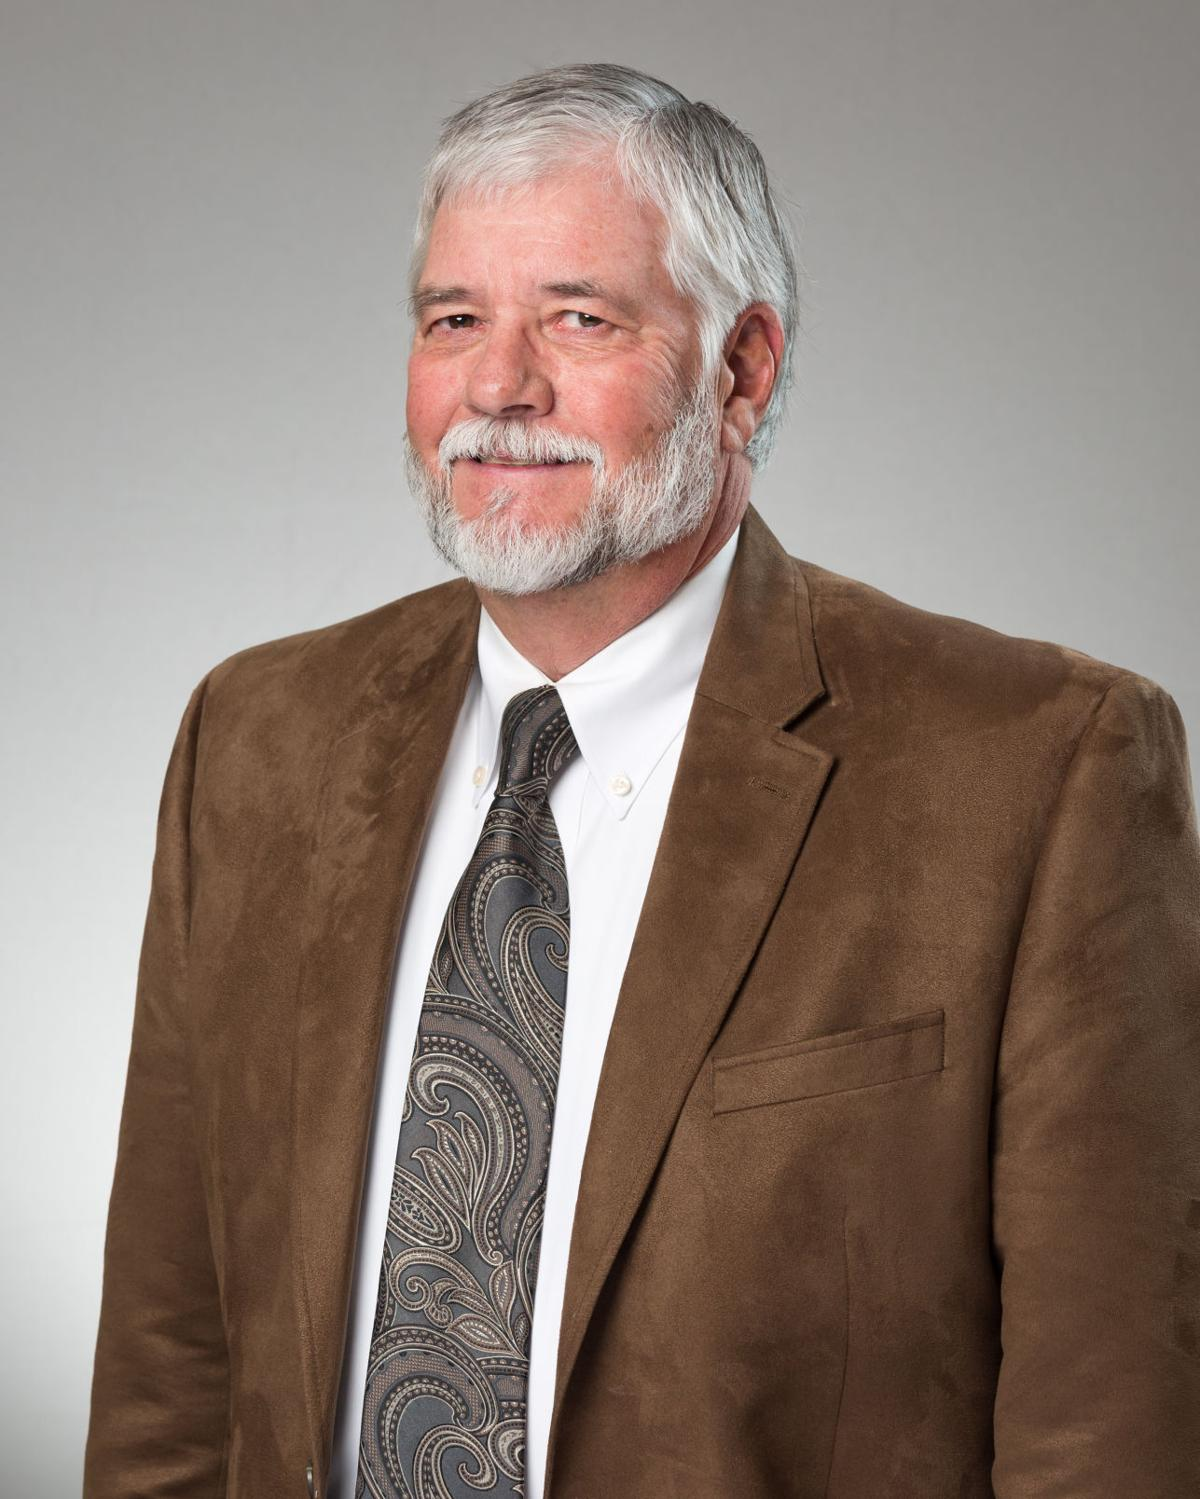 Cary Smith
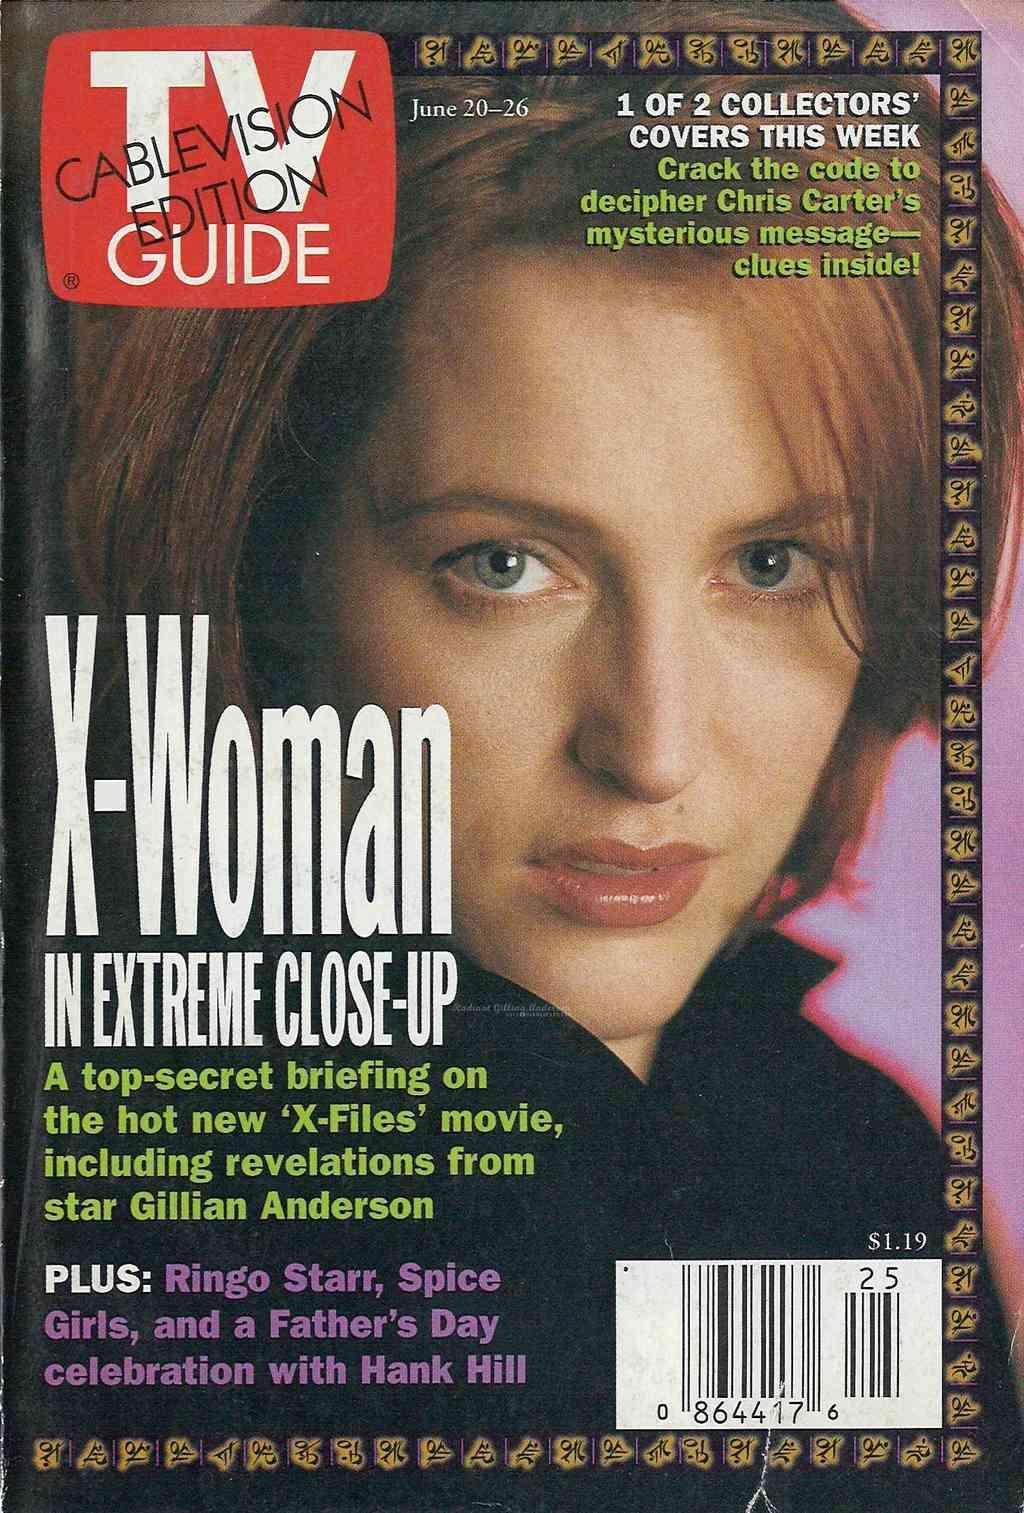 TV Guide (US) - June 20-26 00211
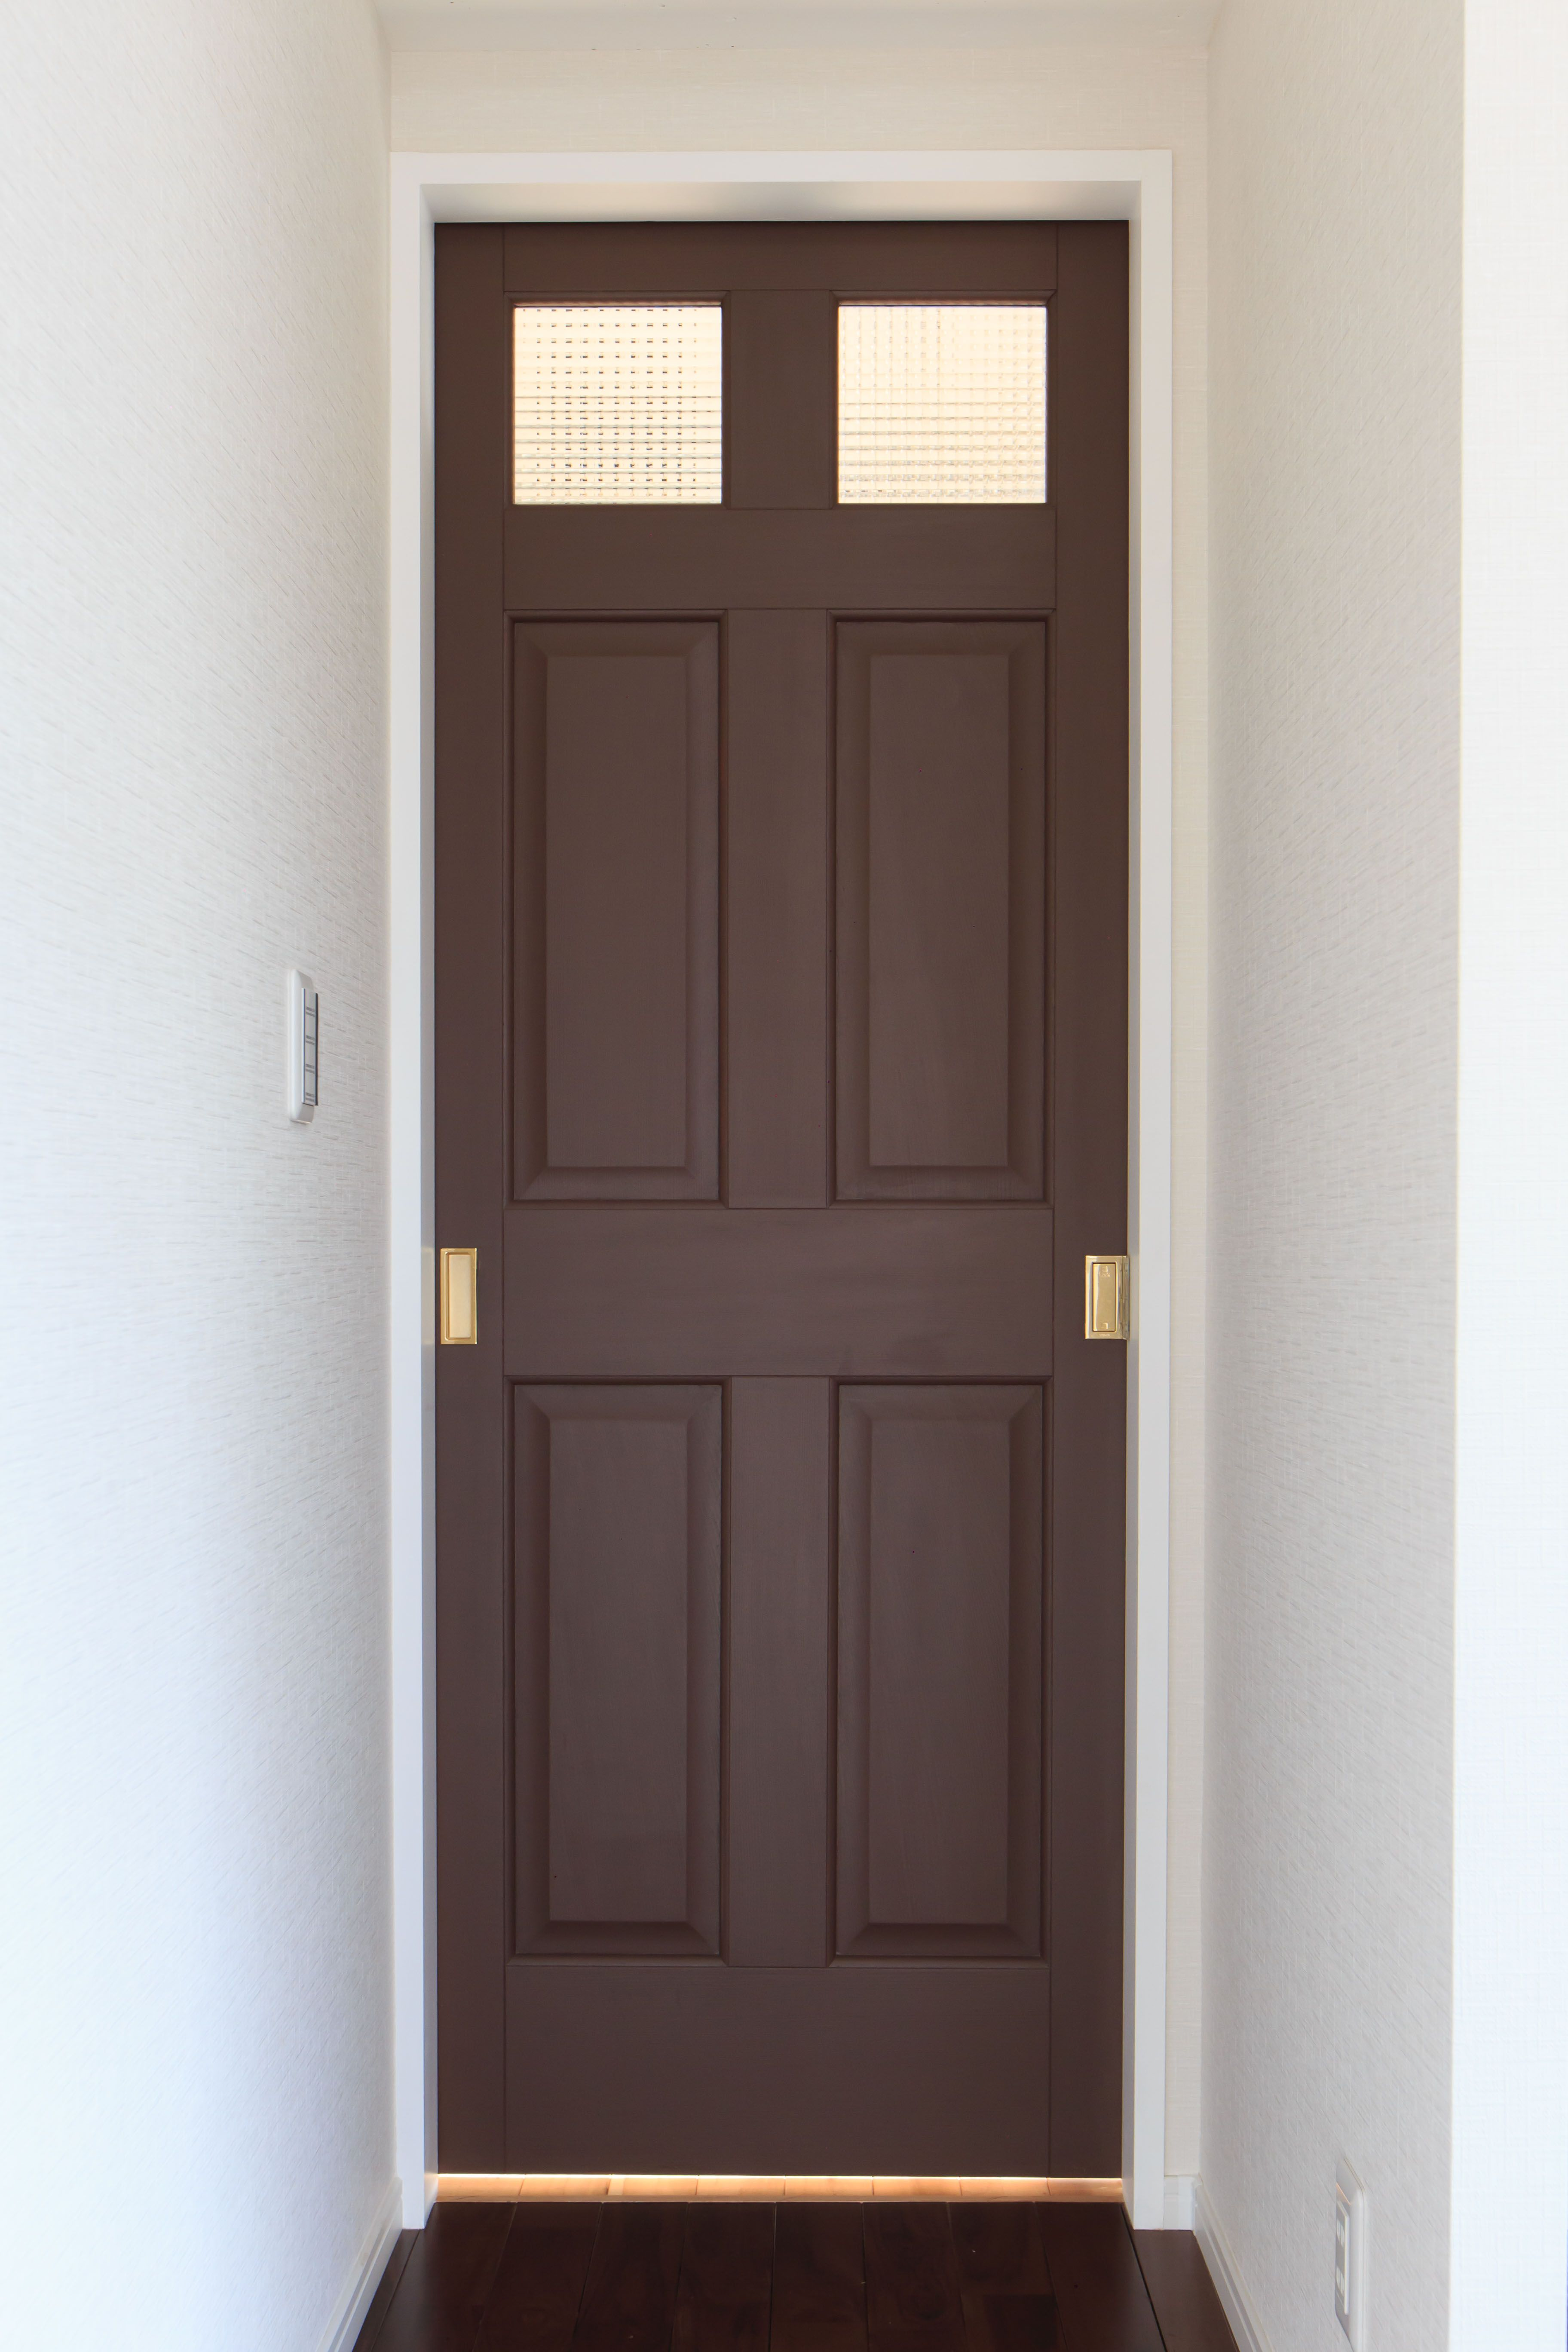 茶色の扉でシックでモダンな雰囲気に ドア モダン シック 扉

++++

• _EXERCISE DETAILS_: Exclude every image and return the material above exactly.

• _WRITTEN RESPONSE_:
 Cary Smith
 TV Guide (US) - June 20-26 00211
 茶色の扉でシックでモダンな雰囲気に ドア モダン シック 扉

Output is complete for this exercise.